Our eyes are incredibly precise things. It does not take much to disrupt their function. Evolution is full of little tweaks and changes. If we wiped out everyone with bad eyesight, more would just be born. Fewer, but we can’t expect to get that number close to zero.

However, there is another issue. Modern eyesight issues, even with a genetic factor, are largely caused by the environment. These “bad” genes are only bad in a modern world and did not cause bad eyesight earlier in humanity.

Who’s to say that ancient eyesight was really horrendous relative to today and that natural selection has been improving eyesight for eons.

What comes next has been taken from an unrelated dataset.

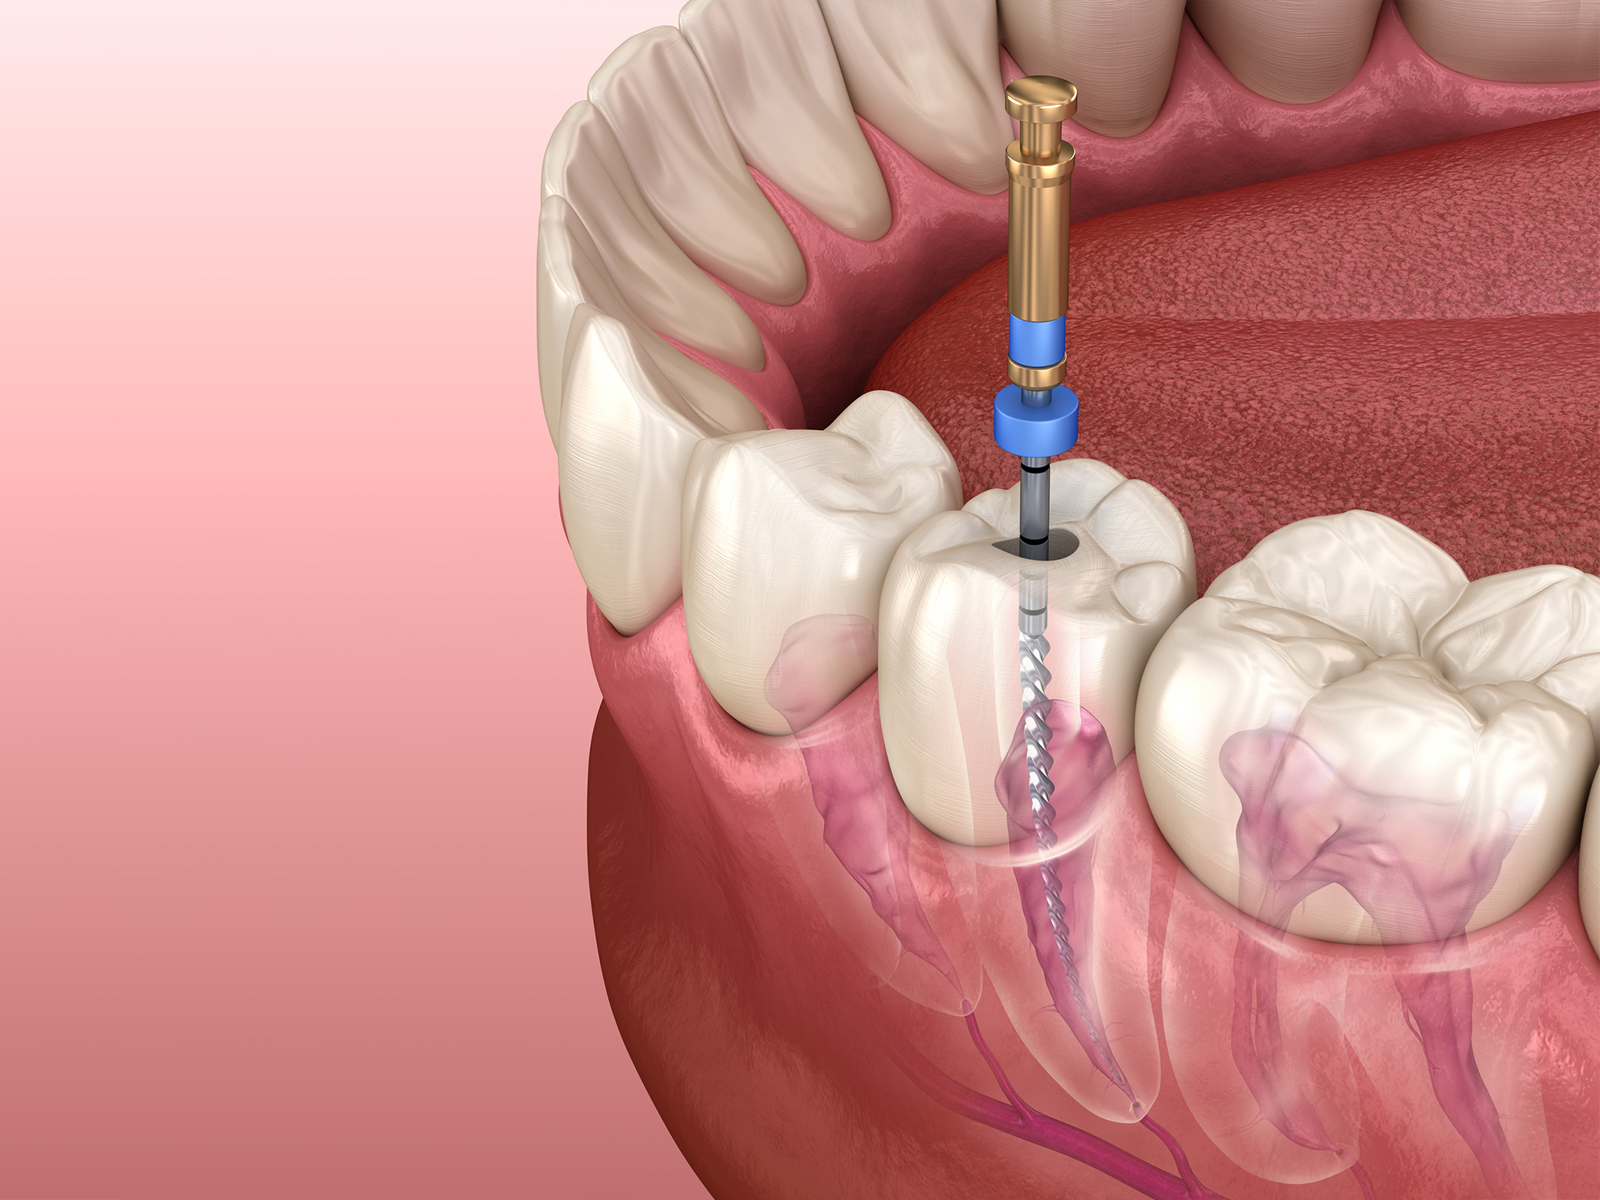 Will antibiotics cure an infected root canal?

Also note that eye issue would impact people differently. A craftsman will suffer greatly from farsightedness. A hunter would have few if any serious issues from not being able to see close up.

Bad eyesight and bad enough eyesight to get you killed are two very different things. Humans have also been able to care for their sick for a very long time, leading to and increase in those who would have been too sick to pass on their genes.

Humans are social animals, so if one has bad eyesight, all of the others who see the hungry lion are warn and protect the one who didn’t see it.

I personally do not like the phrase, “Survival of the fittest” ‘cause it’s too easy to misunderstand. It should be replaced by something like, “Survival of the just barely adequate.”

A rabbit that can outrun a fox by a mile has no greater evolutionary advantage than one that outruns by an inch.

Our eyes are good enough so this is evidence that improving it provides no benefit in offspring.